I need my mommy halo. I have selfishly wanted to pee alone and enjoyed the bliss of drugs during labor. And now I'm pregnant again! When will it arrive?
Humor Parenting

Excuse Me, But Where’s My Mommy Halo?

I need my mommy halo. I have selfishly wanted to pee alone and enjoyed the bliss of drugs during labor. And now I'm pregnant again! When will it arrive?

By Michelle Tan of The Secret Diary of Agent Spitback

To the person in charge of giving out mommy halos,

Excuse me, but where’s my mommy halo? I am not sure, but was it an honest mistake that you missed me when you were giving them out?

You know, the halo I pre-pre-ordered when I found out I was pregnant with my first child? Gold-plated, self-illuminating, limited edition, and monogrammed with pre-paid postage?

The one that would instantly flip my base human desires and make me “good,” almost saintly, in fact?

The halo that would magically turn off my selfish desires, my mothertrucking swearing ways, my Pina Colada sun downing habit, my killer stiletto fetishes and junk food addiction, and my pole dancing impulses and somehow turn me into a softly spoken, calm and patient Mother Teresa, paragon of high moral virtue and lover of high fiber but completely tasteless breakfasts?

I was quite disappointed that even though I pre-ordered the halo before the official due date of my first child, it never arrived. I am almost ashamed to say that I had to forego my drug-free, 100% natural birth plan in which I would crawl on my hands and knees and give birth on my garden bed, in tune to the chirping of the birds, and instead had to have my baby in a hospital. Worse, I even had the audacity to ask for — no, demand — drugs, and the birth was then live broadcasted in 1064 cuss words to one doctor, three nurses and one husband.

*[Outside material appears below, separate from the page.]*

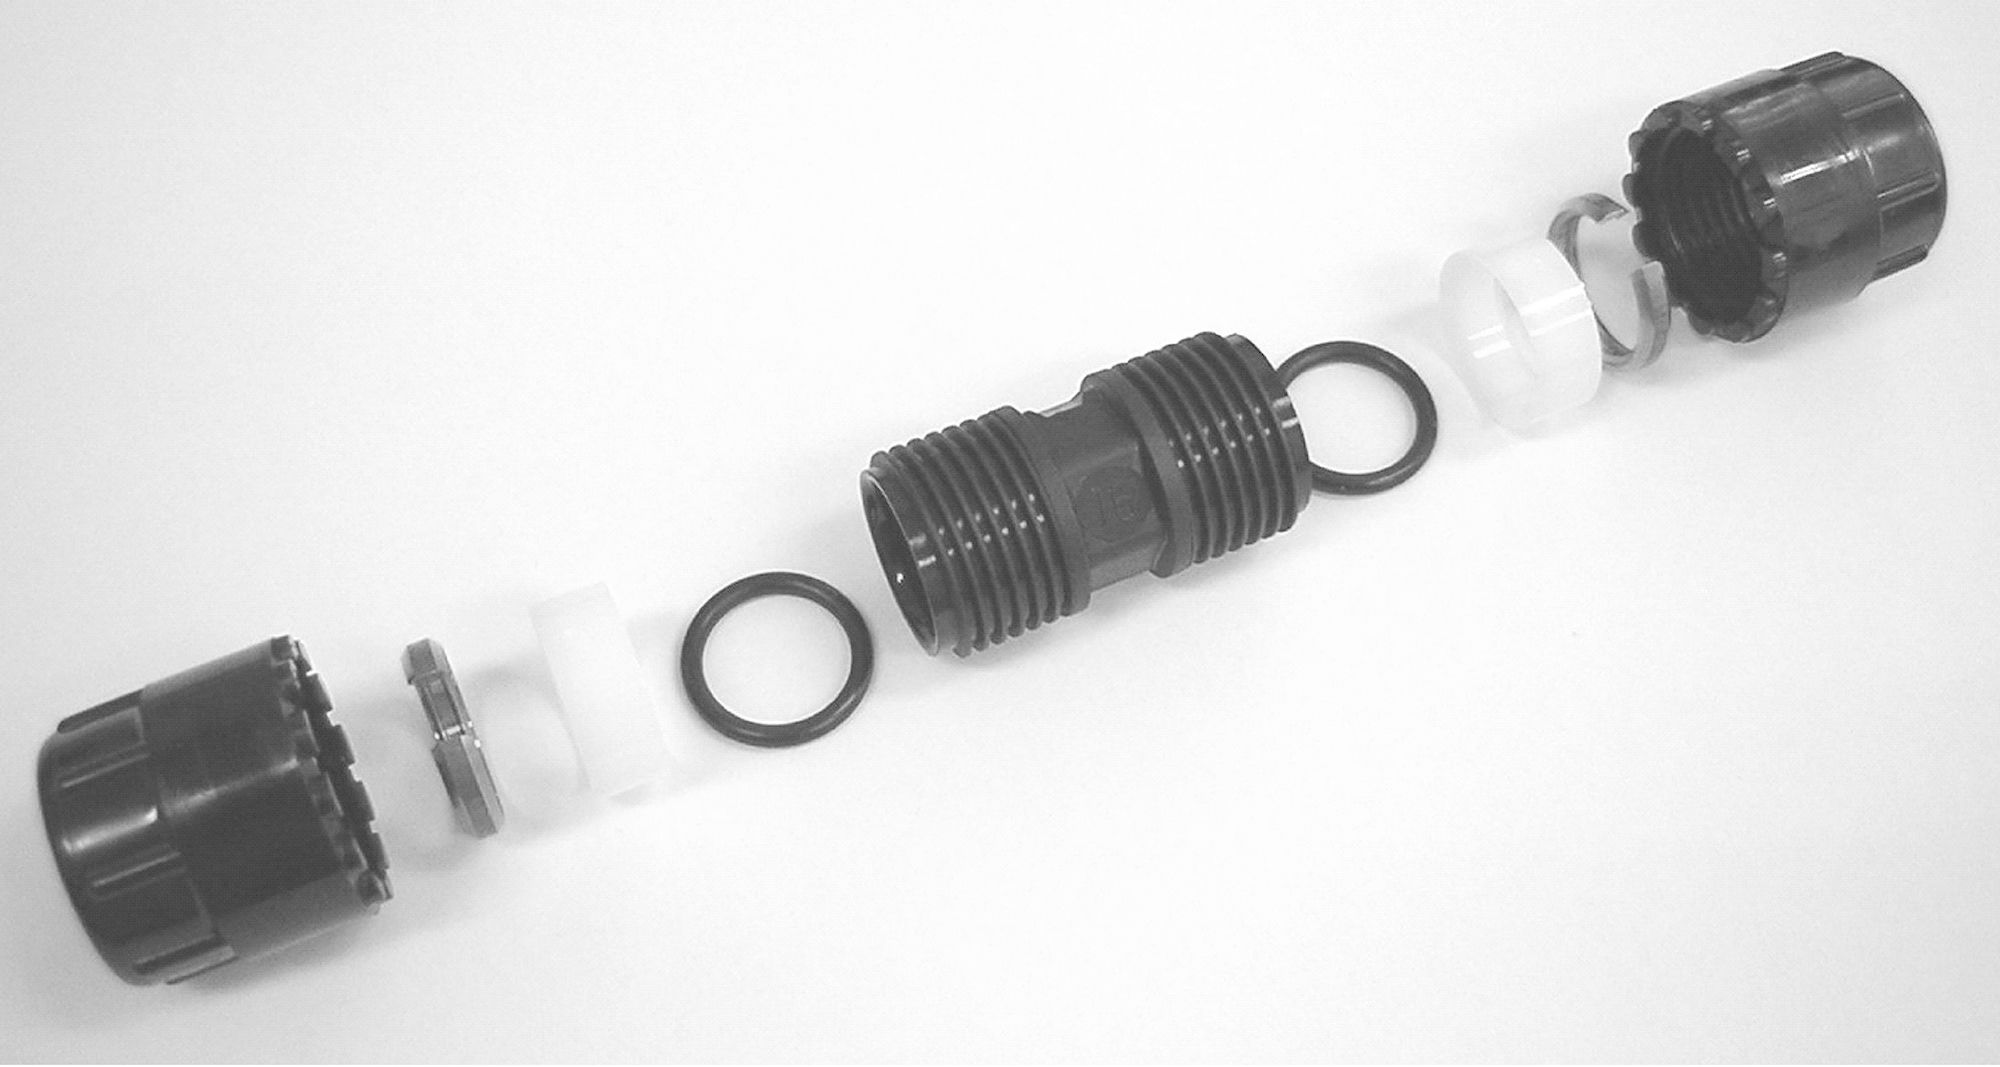 Simplast rechte koppeling 25 mm, zwart

I was sure my halo would arrive the next morning, so I bravely ticked the “healthy” option for breakfast as I was, after all, a mother now. My old, unhealthy eating habits would automatically be extinguished, I was sure, but I knew something was wrong when I gagged at the porridge they served and used the wholegrain rye bread as my maternity pad. I made my husband buy me a Krispy Kreme and a Big Mac meal for breakfast because my body demanded them. My body just could not process that it was a mother now and that I was supposed to LIKE eating food that I cannot spell or pronounce — like kale, chia or quinoa.

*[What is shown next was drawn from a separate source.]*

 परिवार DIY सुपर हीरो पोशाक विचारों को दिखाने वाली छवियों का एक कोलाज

With the birth of my child, I should have the patience of a pastry chef creating a meringue, but unfortunately, without my halo, I have had the patience of a sleep-deprived and horny long-distance truck driver, the fog horn blasting on his way back home because the chili is not settling in his tummy and threatening to expel itself. I have fog-horned when the baby cried, baptizing me in pee; I have fog-horned when the baby poo-ed and I had to scrape poo from under my nails; and I have fog-horned when the baby did not sleep for ten hours straight and I knew I had laundry to wash, dirty dishes in the sink to do and groceries to buy.

Please, I really need my halo as I have been so incredibly selfish in just wanting to take a nap, pee alone, have a long, hot bath and a proper, hot meal. I can’t believe how selfish I have been for not enjoying being someone’s 24/7 human pacifier, sling and mattress.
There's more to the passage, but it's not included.